Hi, I'm experiencing a strange issue today. My realtime table has bucketTimePeriod of 1d and bucketTimePeriod of 2d. My offline workflows are not running and I can see a message in the logs that says "Window data overflows into CONSUMING segments for partition of segments..." then "Found no eligible segments for task: RealtimeToOfflineSegmentsTask with window [1555200000 - 1641600000]. Skipping task generation...". Note these timestamps seem to be in seconds instead of milliseconds. I can see the segment.end.time and segment.start.time values are in seconds which I'm not sure of whether this was the case before. Looking through the code I can see TimeUtils compute the window using milliseconds so this is why the window spans 2 years instead of 2 days.
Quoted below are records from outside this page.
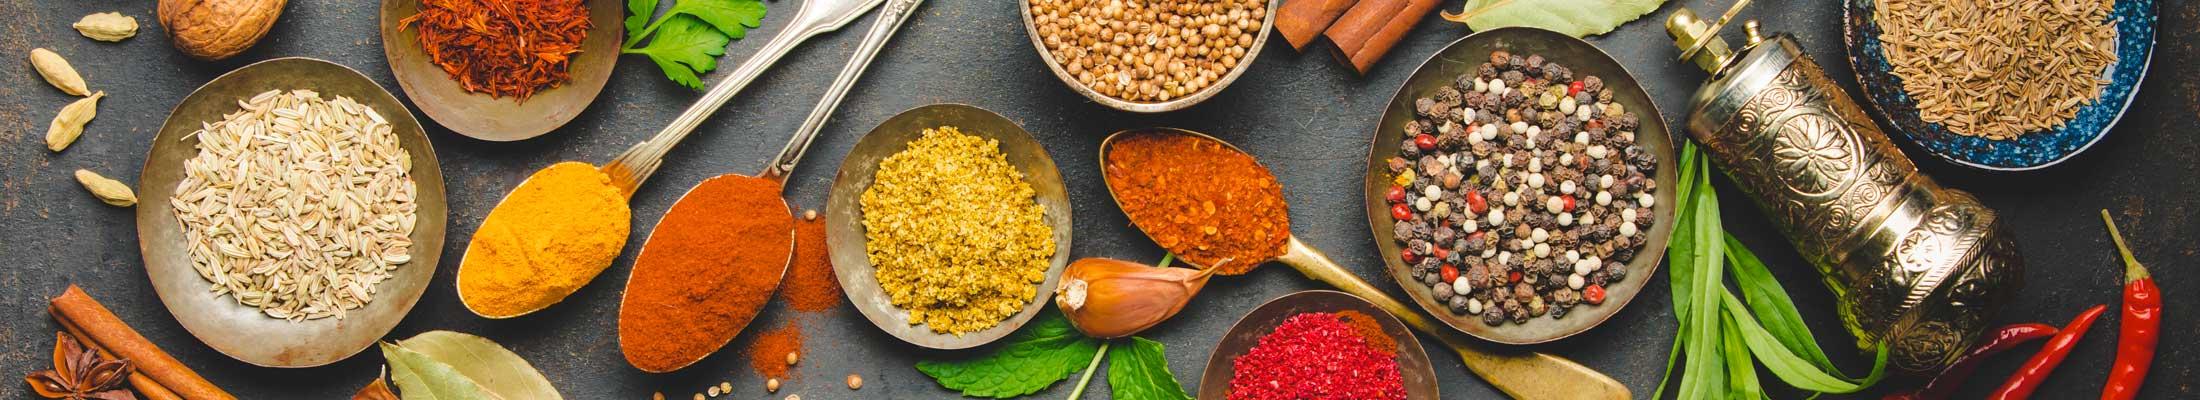 Mélange d'épices - Achetez des mélanges d'épices originaux et parfumés
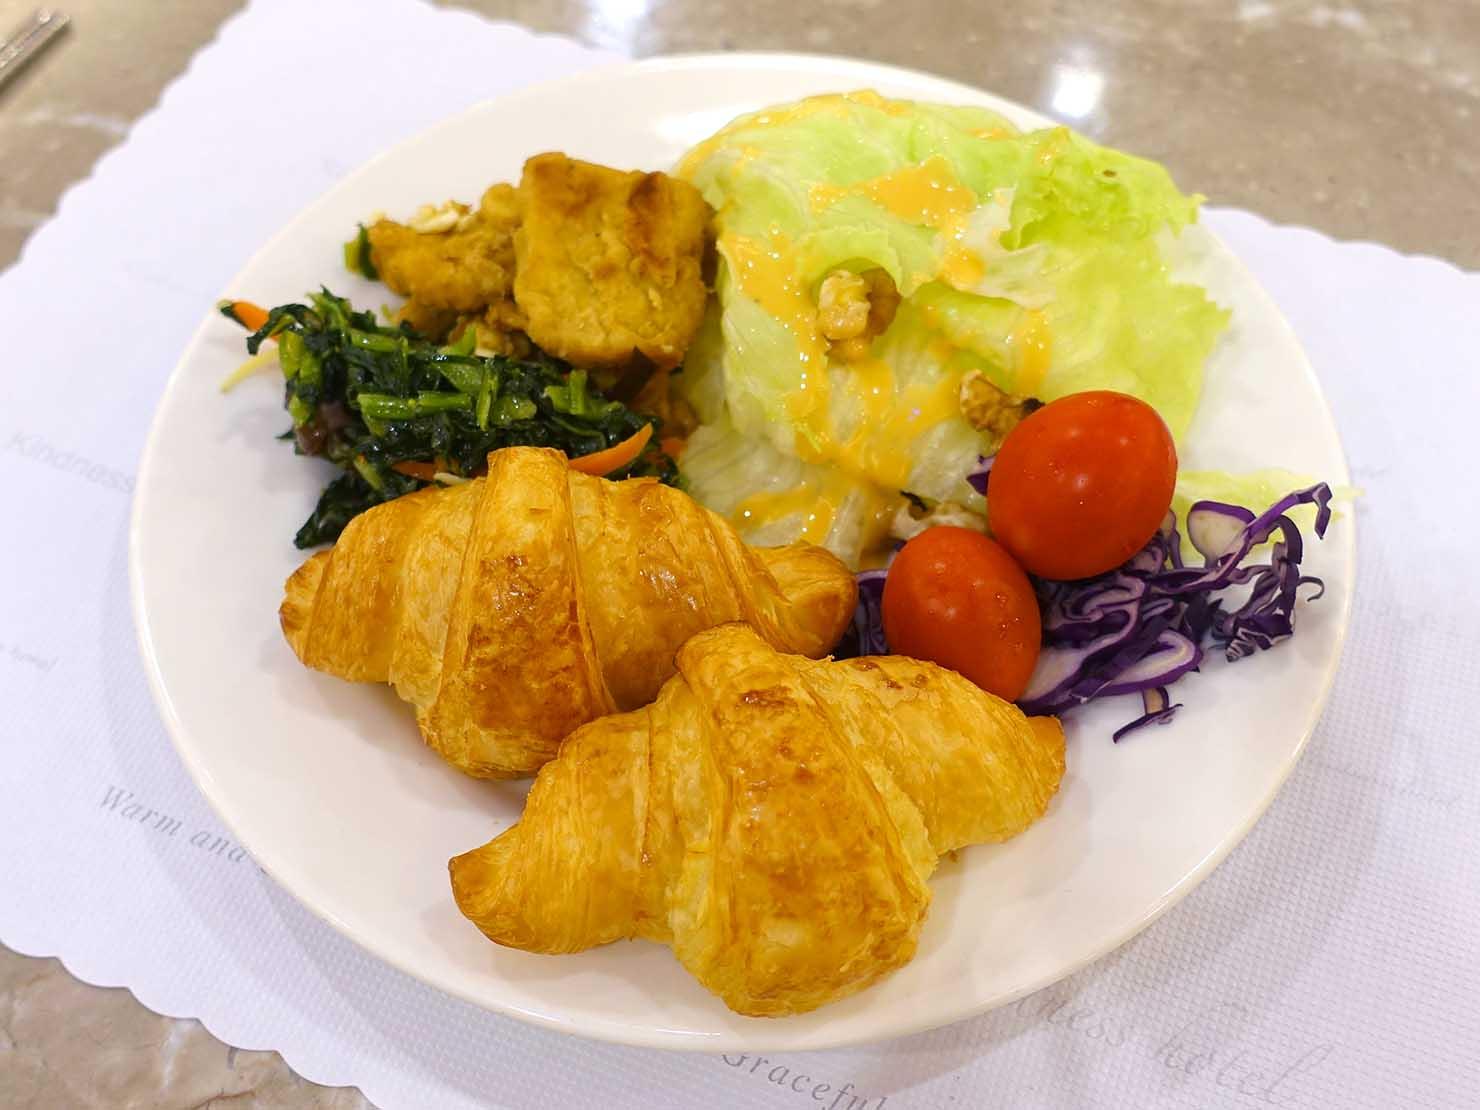 高雄のおすすめチェーンホテル「康橋商旅 Kindness Hotel(漢神館)」朝食ビュッフェ
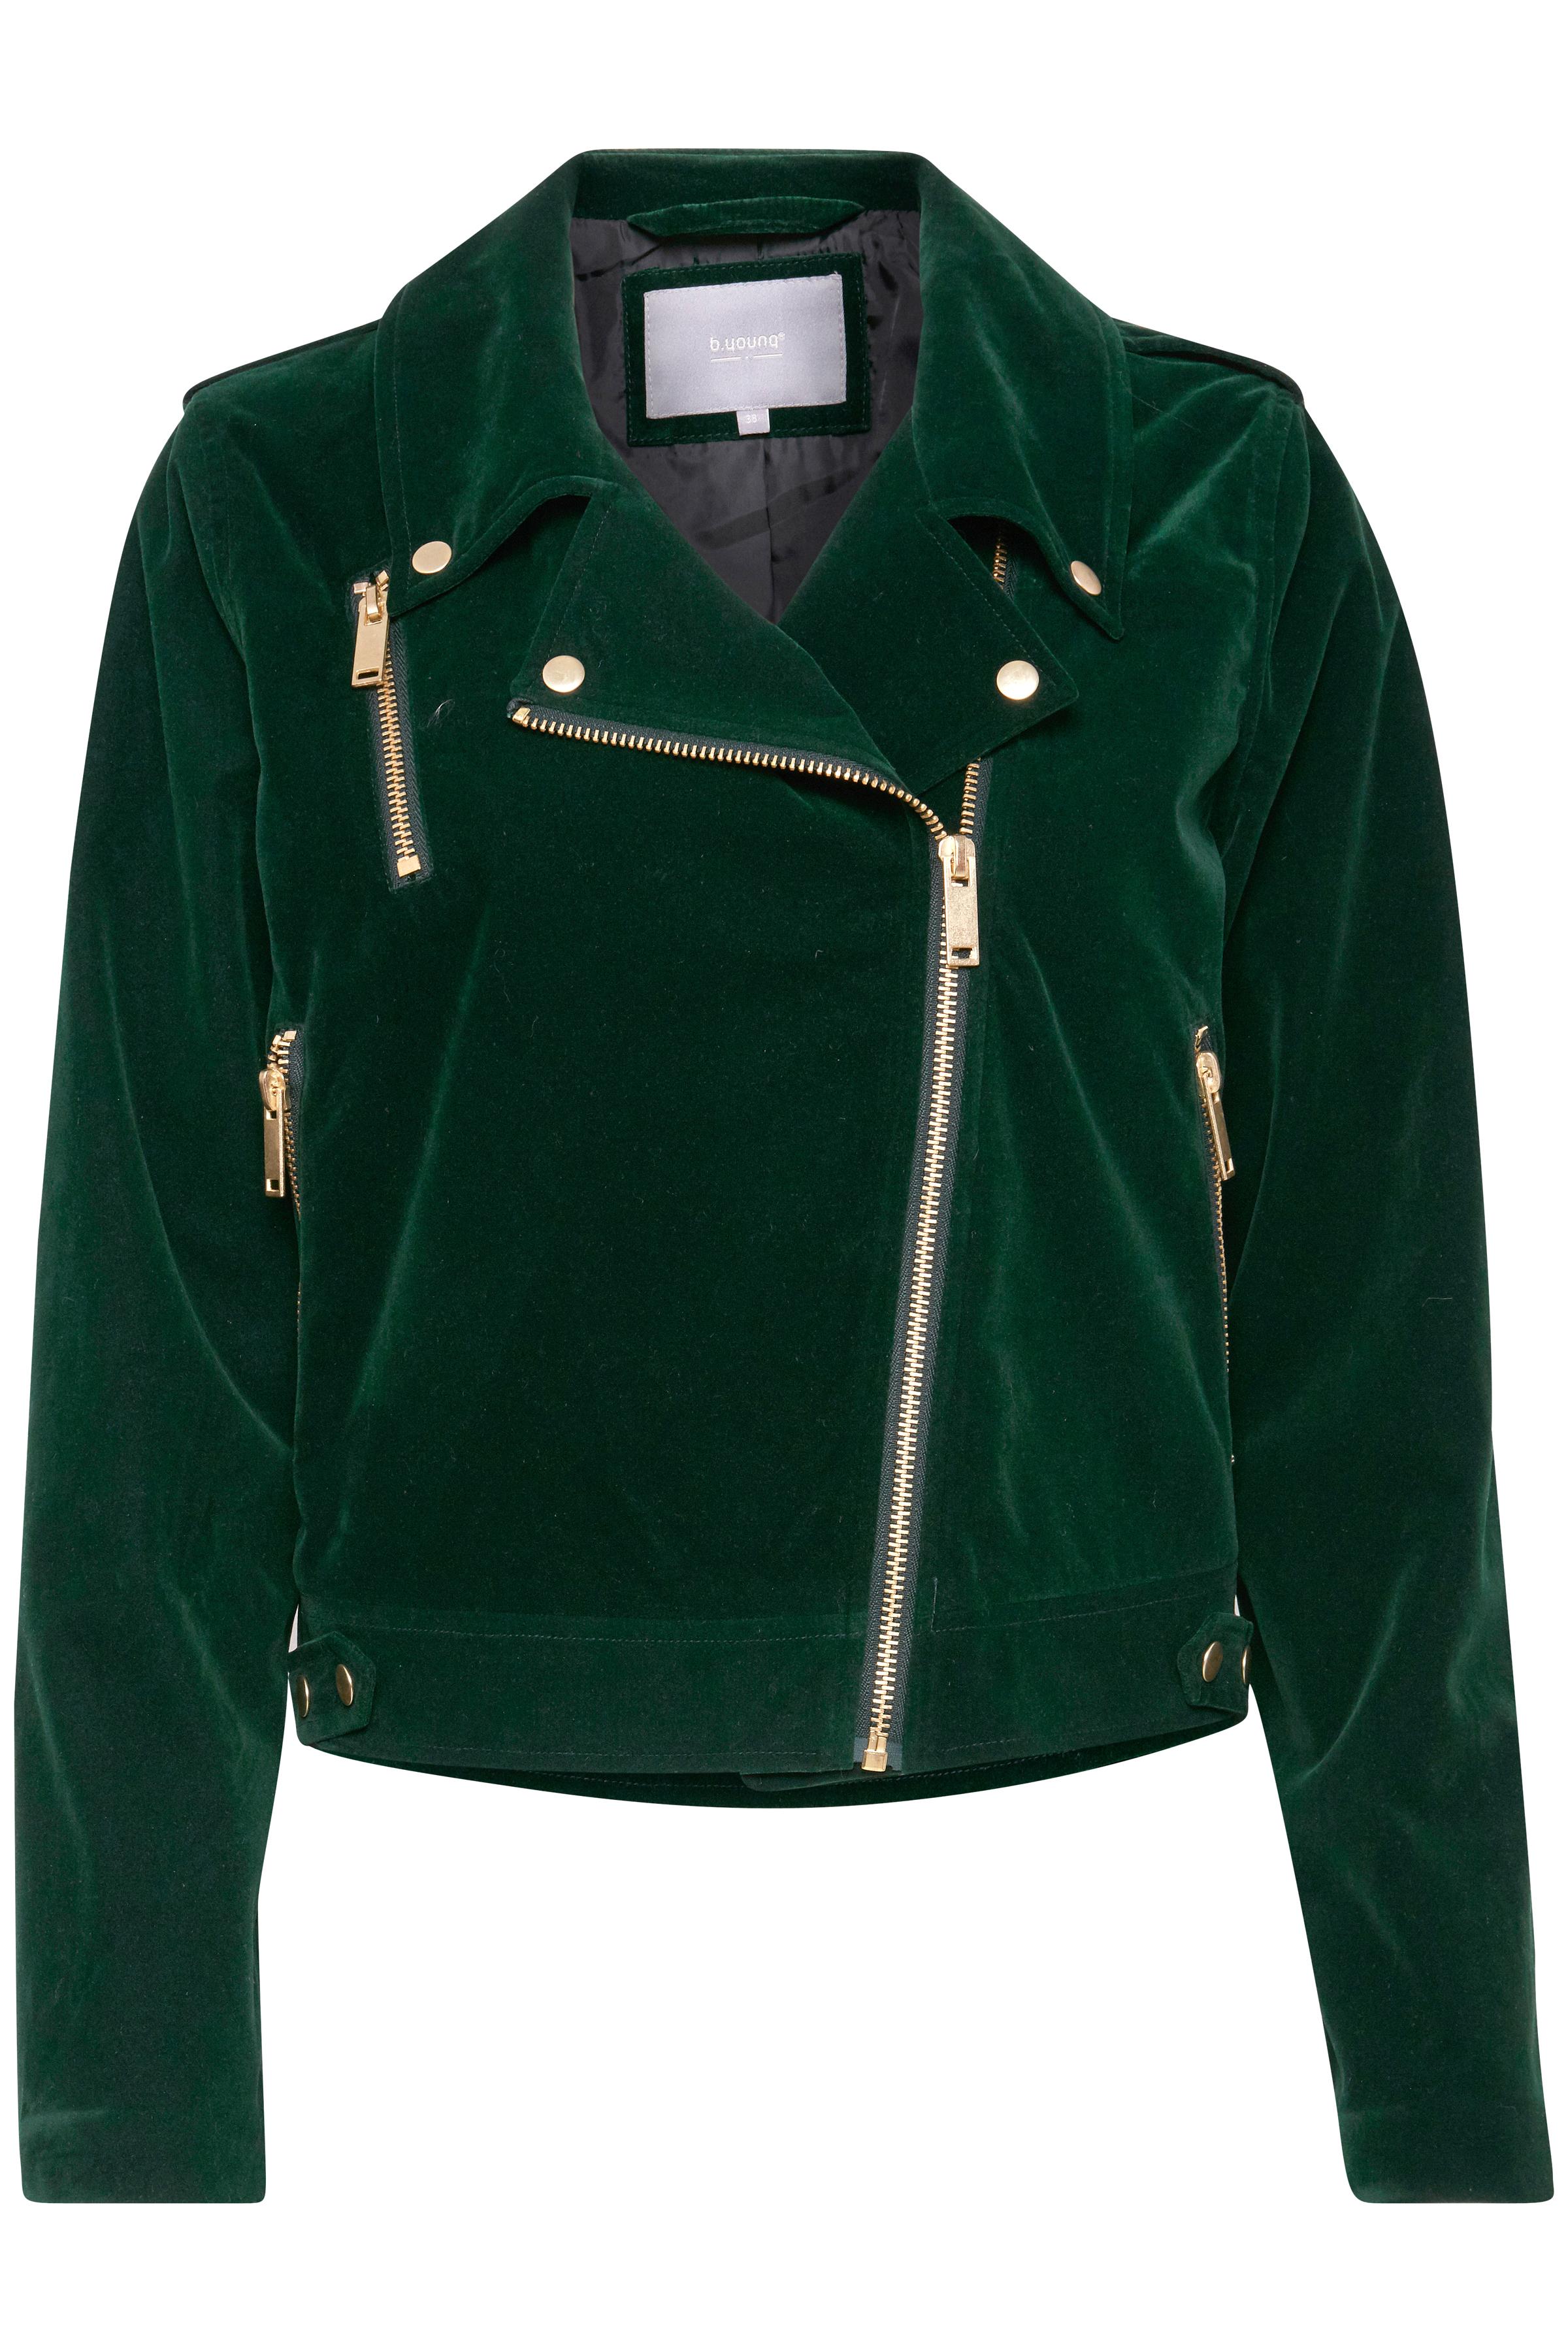 Majestic Green Jas van b.young – Koop Majestic Green Jas hier van size 36-46
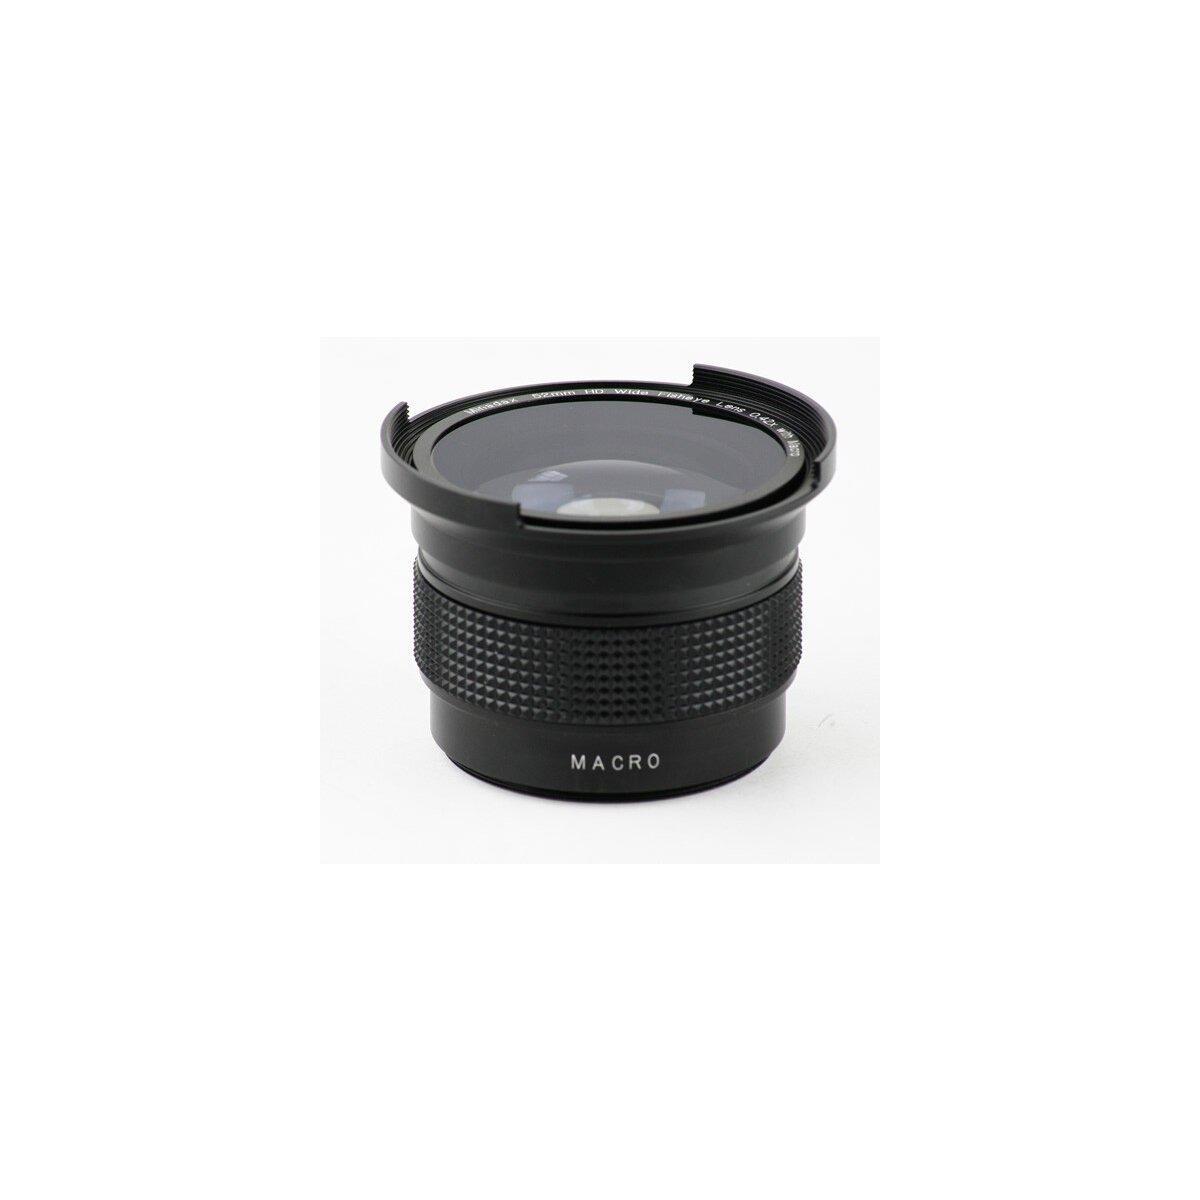 0.42x Minadax Fisheye Vorsatz kompatibel für Fujifilm FinePix 6900Z, 4900Z, S7000, S5600, S5500, S5000, S3500, S3000, S602Z, S304, S20 Pro

I'm trying to figure out why this is happening now, any help is appreciated
10/04/2021, 4:11 PM
Do you mind pasting your table and task configs? I am guessing some issue with time unit. cc: @User
10/04/2021, 4:28 PM
It seems the schema was defined in microseconds and the table in milliseconds. Is there an easy way to fix this issue?
10/04/2021, 4:59 PM
we only read what is set in schema. the “timeColumnUnit” in table config is ignored (also deprecated). So schema was MICROSECONDS and data had values in millis?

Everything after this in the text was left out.